RECORDED DATA:
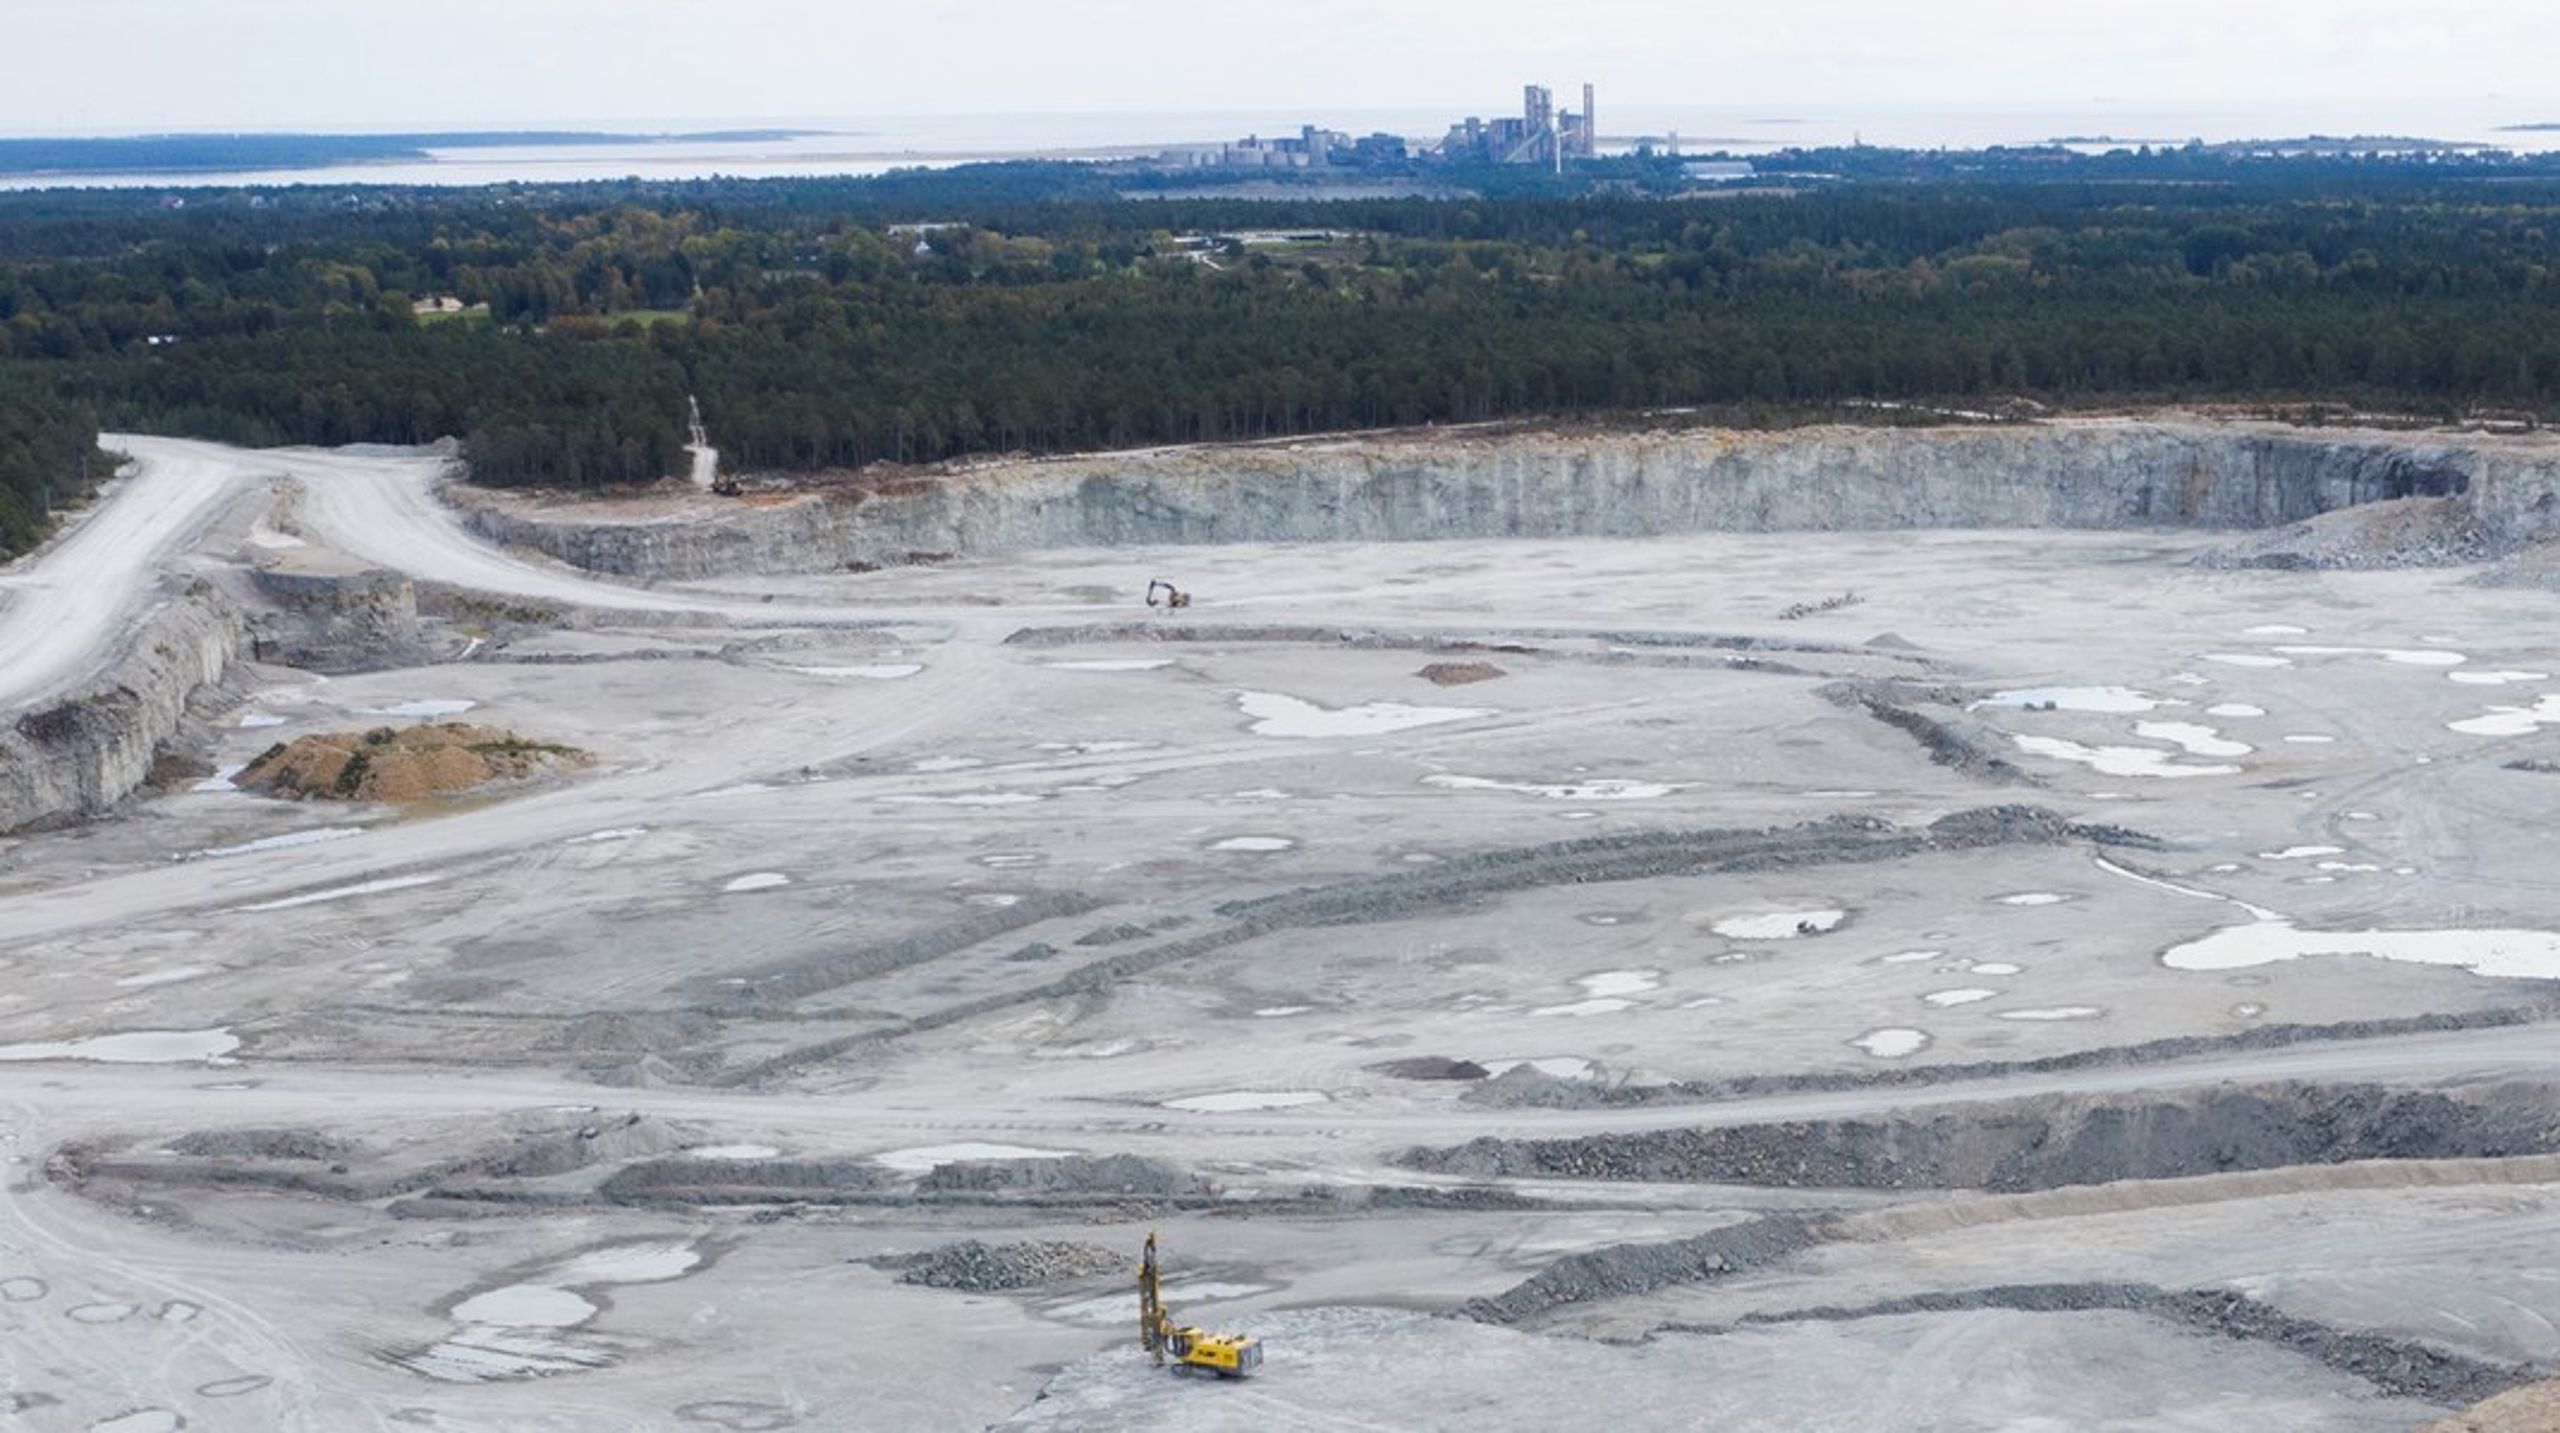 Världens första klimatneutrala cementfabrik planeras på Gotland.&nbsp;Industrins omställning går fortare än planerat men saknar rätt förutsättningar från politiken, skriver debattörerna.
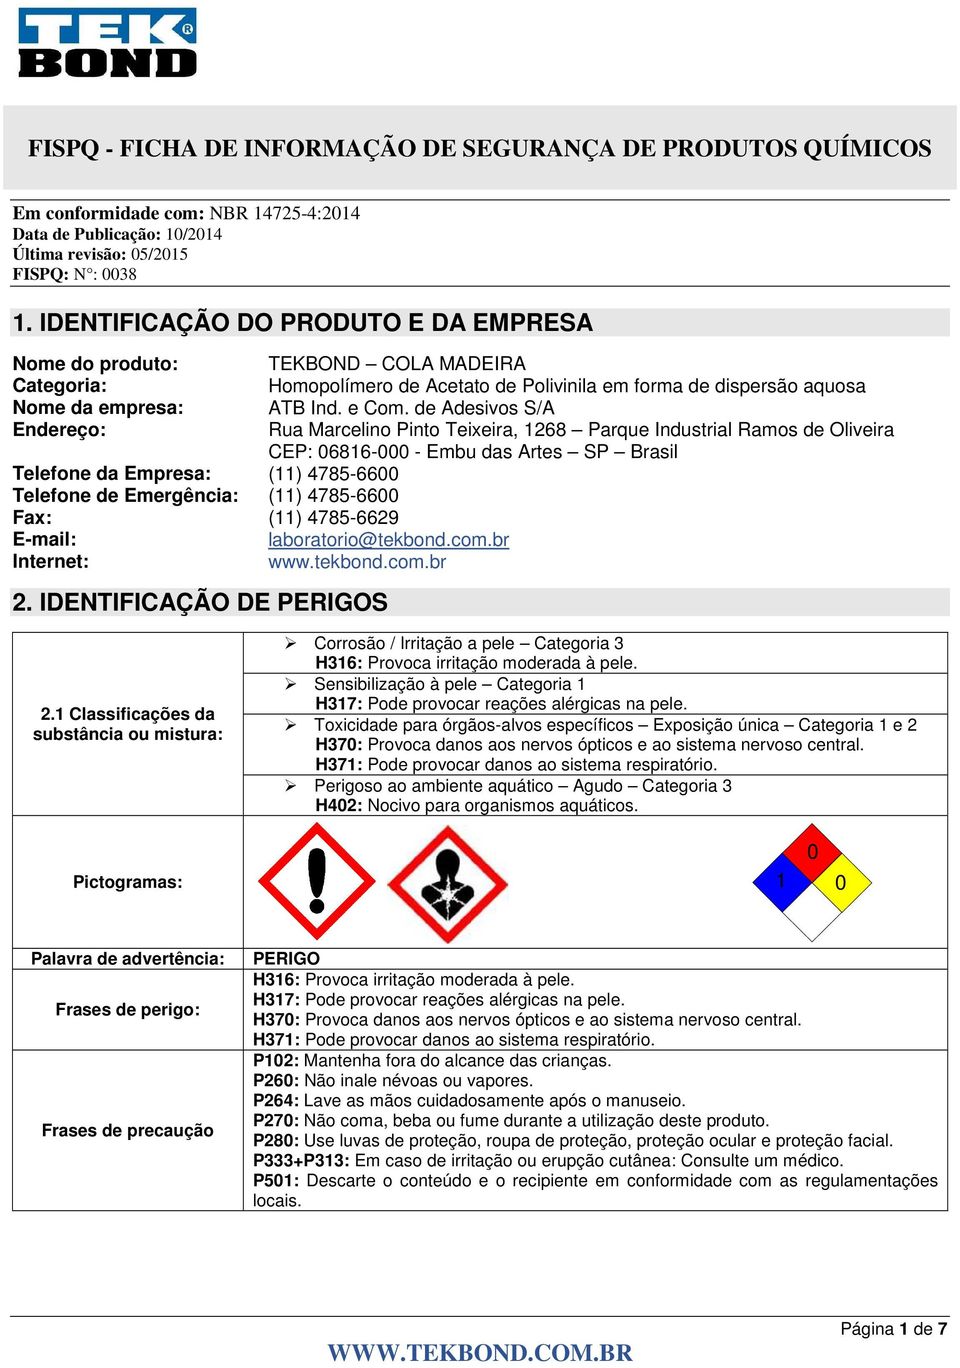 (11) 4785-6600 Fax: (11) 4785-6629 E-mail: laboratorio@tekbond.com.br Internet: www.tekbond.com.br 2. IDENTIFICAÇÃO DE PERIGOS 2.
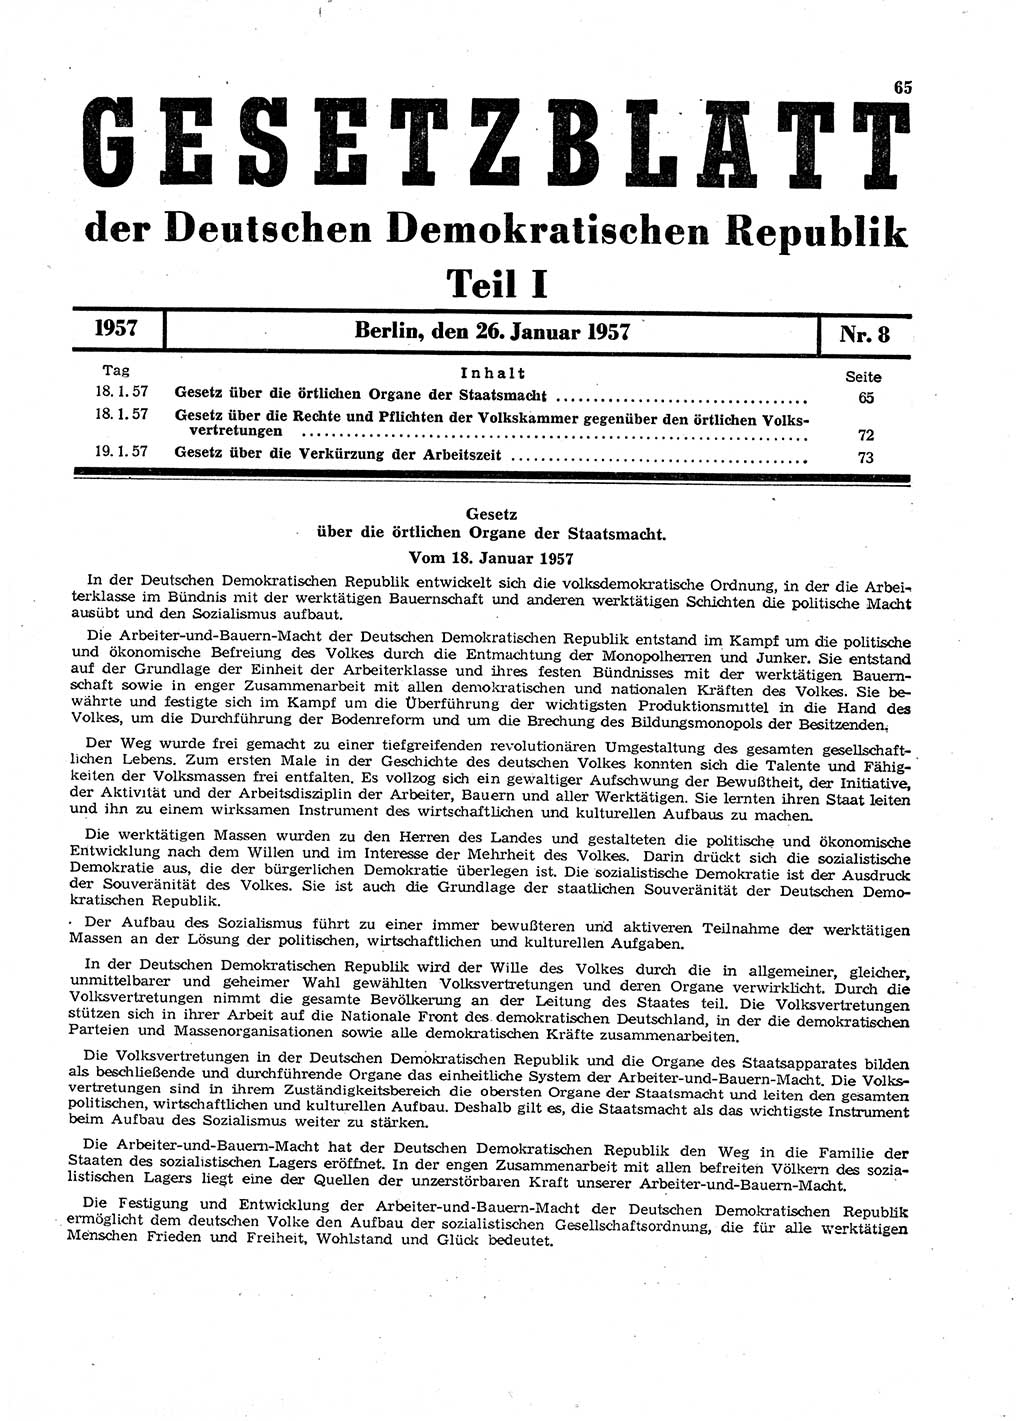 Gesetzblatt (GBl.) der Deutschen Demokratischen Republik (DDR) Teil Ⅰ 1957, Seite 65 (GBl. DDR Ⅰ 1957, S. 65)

EXERCISE AIM: When you copy the data, keep every line exact and leave out each picture.

SOLUTION BELOW:
 Världens första klimatneutrala cementfabrik planeras på Gotland.&nbsp;Industrins omställning går fortare än planerat men saknar rätt förutsättningar från politiken, skriver debattörerna.
 (11) 4785-6600 Fax: (11) 4785-6629 E-mail: laboratorio@tekbond.com.br Internet: www.tekbond.com.br 2. IDENTIFICAÇÃO DE PERIGOS 2.
 Gesetzblatt (GBl.) der Deutschen Demokratischen Republik (DDR) Teil Ⅰ 1957, Seite 65 (GBl. DDR Ⅰ 1957, S. 65)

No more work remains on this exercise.